The conversation continued to flow after the food arrived and it took an age for it all to be eaten.

I had a couple of favours to ask Kanchhi Maya – 1) could she find out anything about how I might be able to make constructive contact with Tashi Waldorf, and 2) where I could buy some leaf plates and bowls from for my ‘Tastes of Indonesia’ lunch? The former she would let me know about and the latter was easily solved if I had time to go with them. I had nothing else to do so it was agreed that after we finished at the restaurant we would go shopping together. GN took this as an opportunity to escape and go home on the bus but before he went I popped into a shop at the Northfield run by an organisation called ‘Beni’ creating a number of hand crafted items from recycled rubbish. I had read the leaflet before but I hadn’t seen the finished products. They are brilliant and range from bags of all shapes and sizes to wallets, to stools, to place mats, door mats etc. I bought Chering a shoulder bag made from an old rice bag and for GN I bought a wallet, using amongst other things old sweet wrappers. All the money goes to supporting the numerous women’s cooperatives set up to collect, clean and create.

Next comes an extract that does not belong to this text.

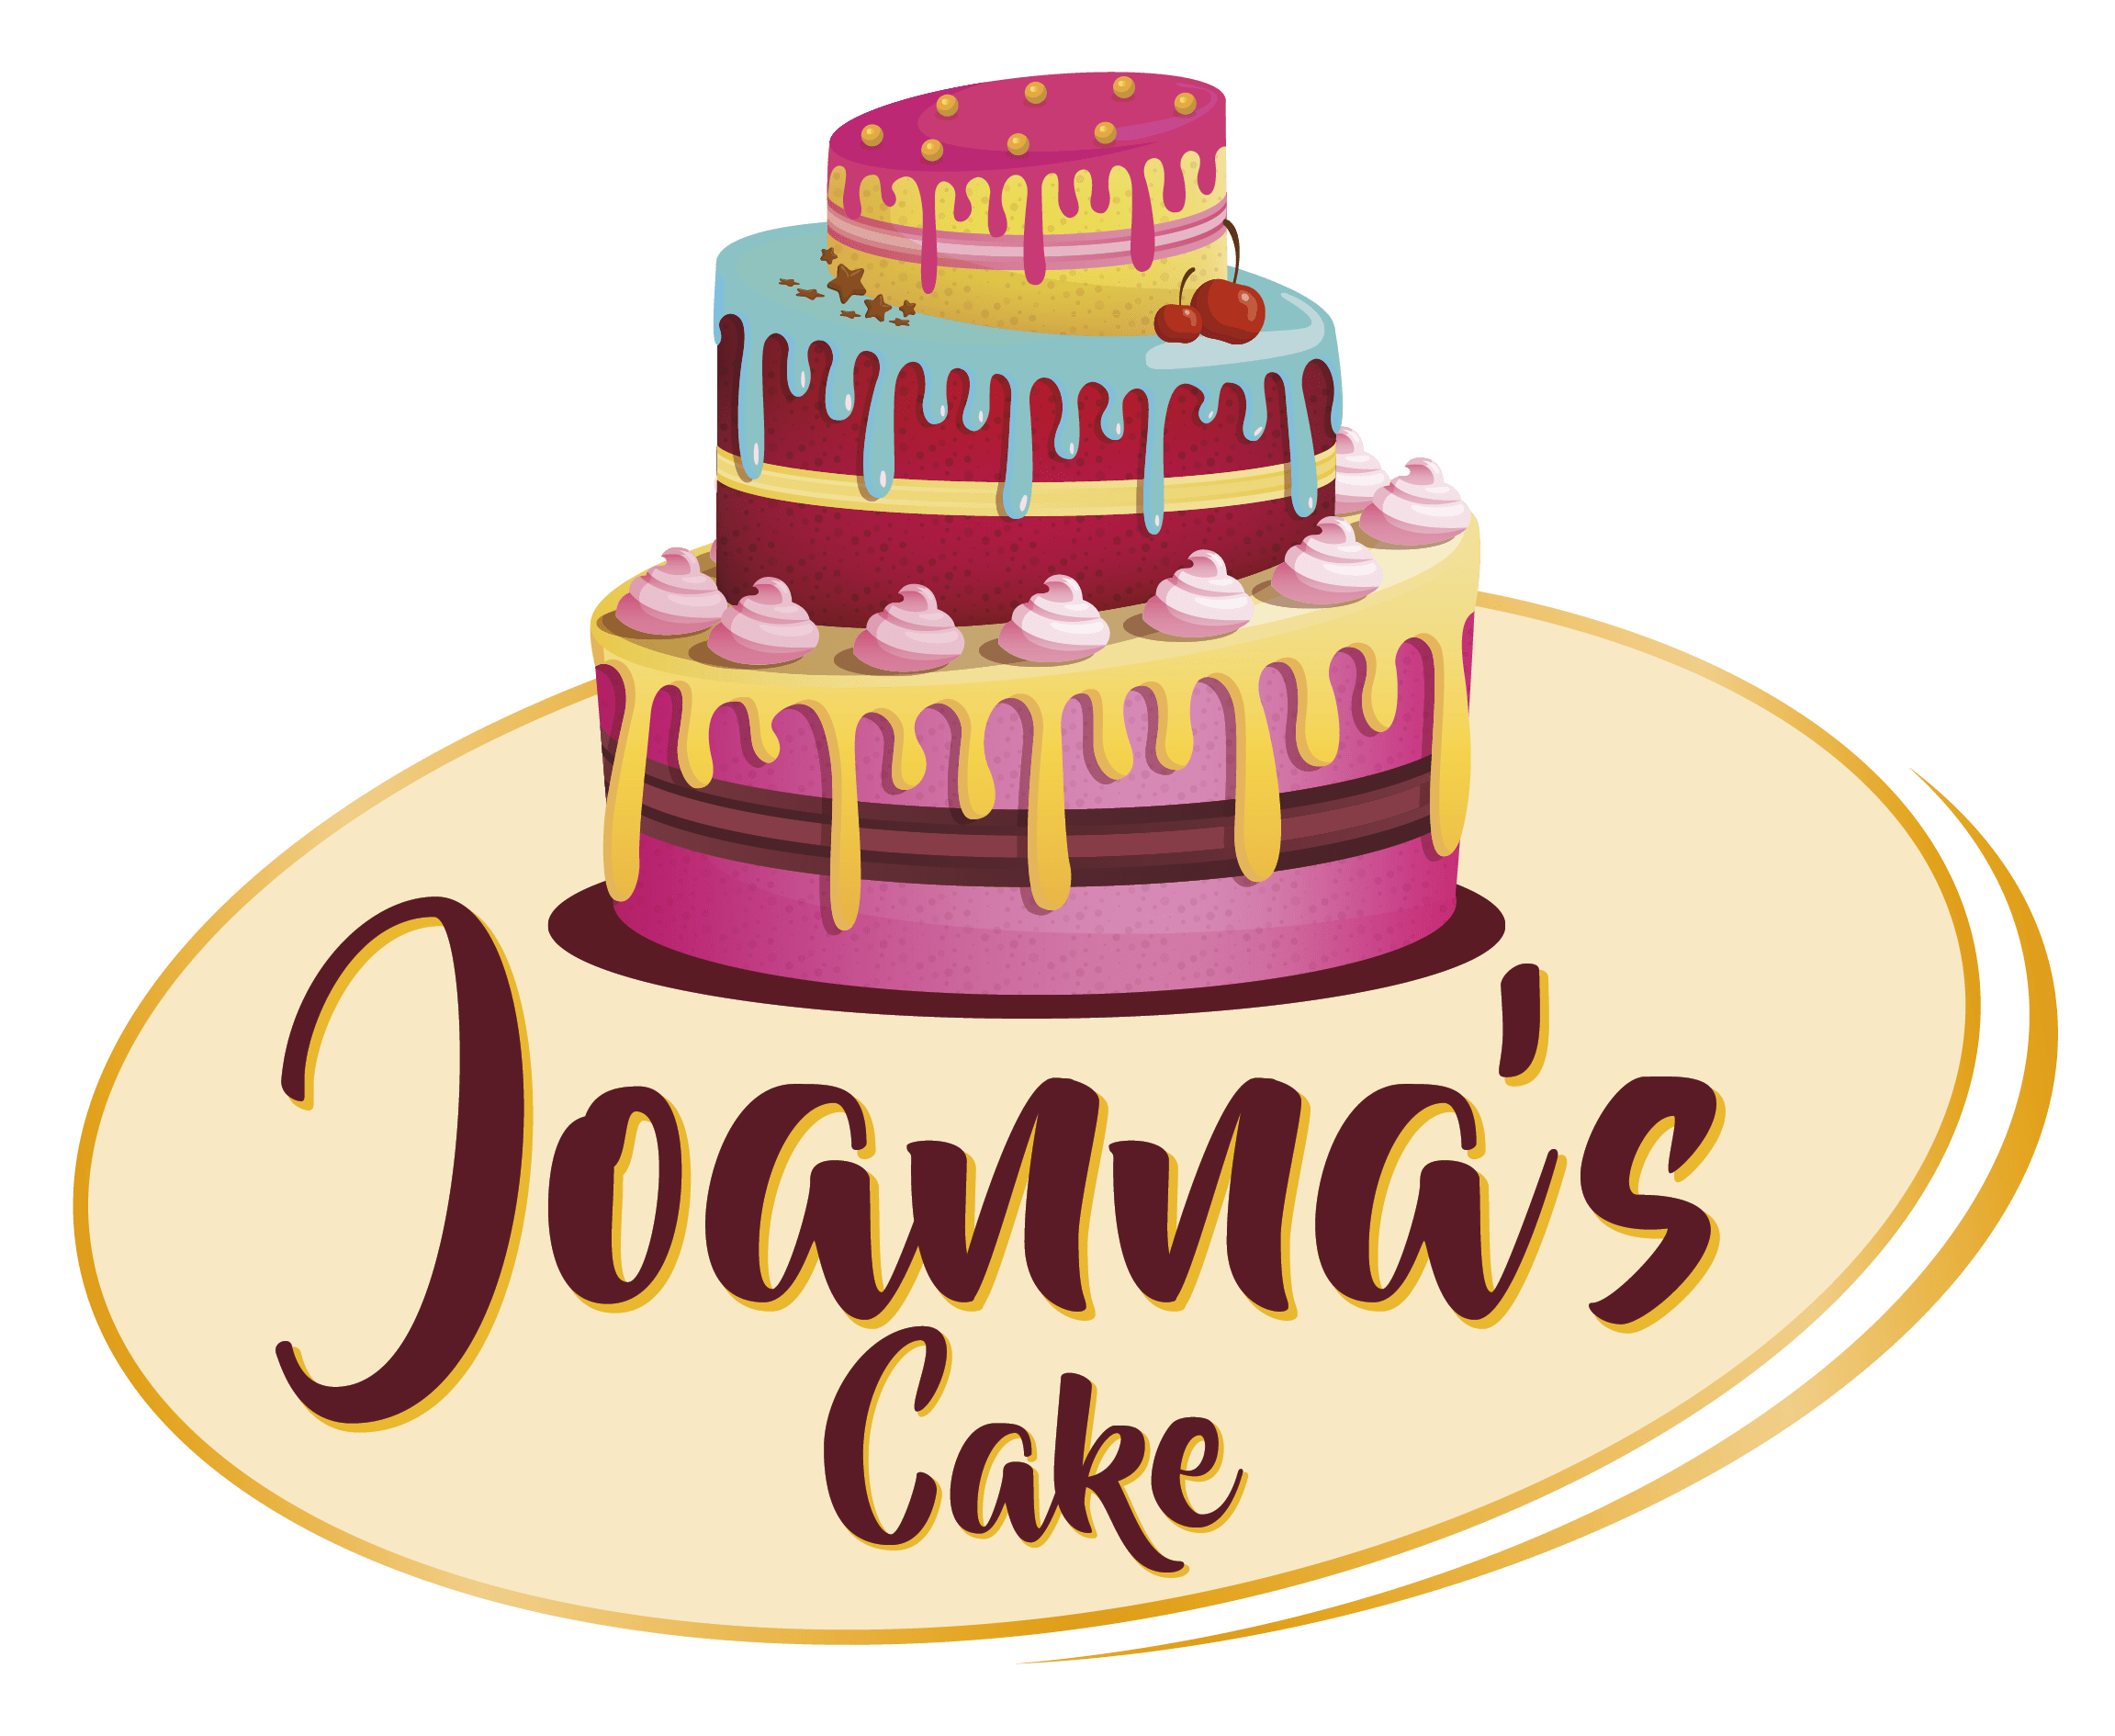 Joanna's Cake

A relaxed shop keeper selling dried fish

A relaxed shop keeper selling dried fish

As we left the tourist area of Thamel the streets became narrower and a lot more crowded. Now all the faces were Nepali. Eventually we arrived at a Newari vegetable markets where they sold packs of plates and bowls of a variety of sizes. They came in packs of one hundred and are perfect for the purposes I have in mind. I just hope I can get them home safely in one piece.

Kanchhi then insisted on taking me to another shop to buy me a jumper. She has always wanted to buy me one but wanted me there so she could get the size right. The shop was not large but it must have had at least 10 sales staff, mostly attractive young women, waiting for a customer to brighten their day. Kanchhi went straight to the only male sales assistant who looked me up and down before producing a normal V knecked jumper of excellent quality. I tried it on. It was a perfect fit and I liked the colour. Taking it off became a bit of a spectator sport. I needed Kanchhi to hold my shirt to stop it riding over my head exposing myself to the onlooking, amused sales girls. Kanchhi refused to help, cracking up in fits of laughter. It was like going shopping with my mum but more fun. Eventually I managed to get the jumper off and, at the same time, retain some dignity. At the entrance to the shop there was a sign saying ‘Fixed Price’. That did not stop Kanchhi from entering a bartering duel with the salesman who crumbled under her forceful charm.

Busy narrow streets where pedestrians always have to be alert

Busy narrow streets where pedestrians always have to be alert

Then we had to visit a shoe shop to buy shoes for Angela. It helped that I knew her shoe size and it proved quite a painless ordeal. Walking back through the extremely crowded streets, avoiding motor cyclists and rickshaws while ladened with several shopping bags, proved interesting and it was only when we returned to the tourist area that the streets, which I normally associate with crowds, became less of a problem to walk along.

We returned to the Northfield so that Kanchhi could collect her motorbike for her and Chering to return home. It had been a delightful few hours in good company and some interesting experiences. After they left I popped into the recycled goods shop, gave the assistant a lovely basket of flowers and bought some more of her wares.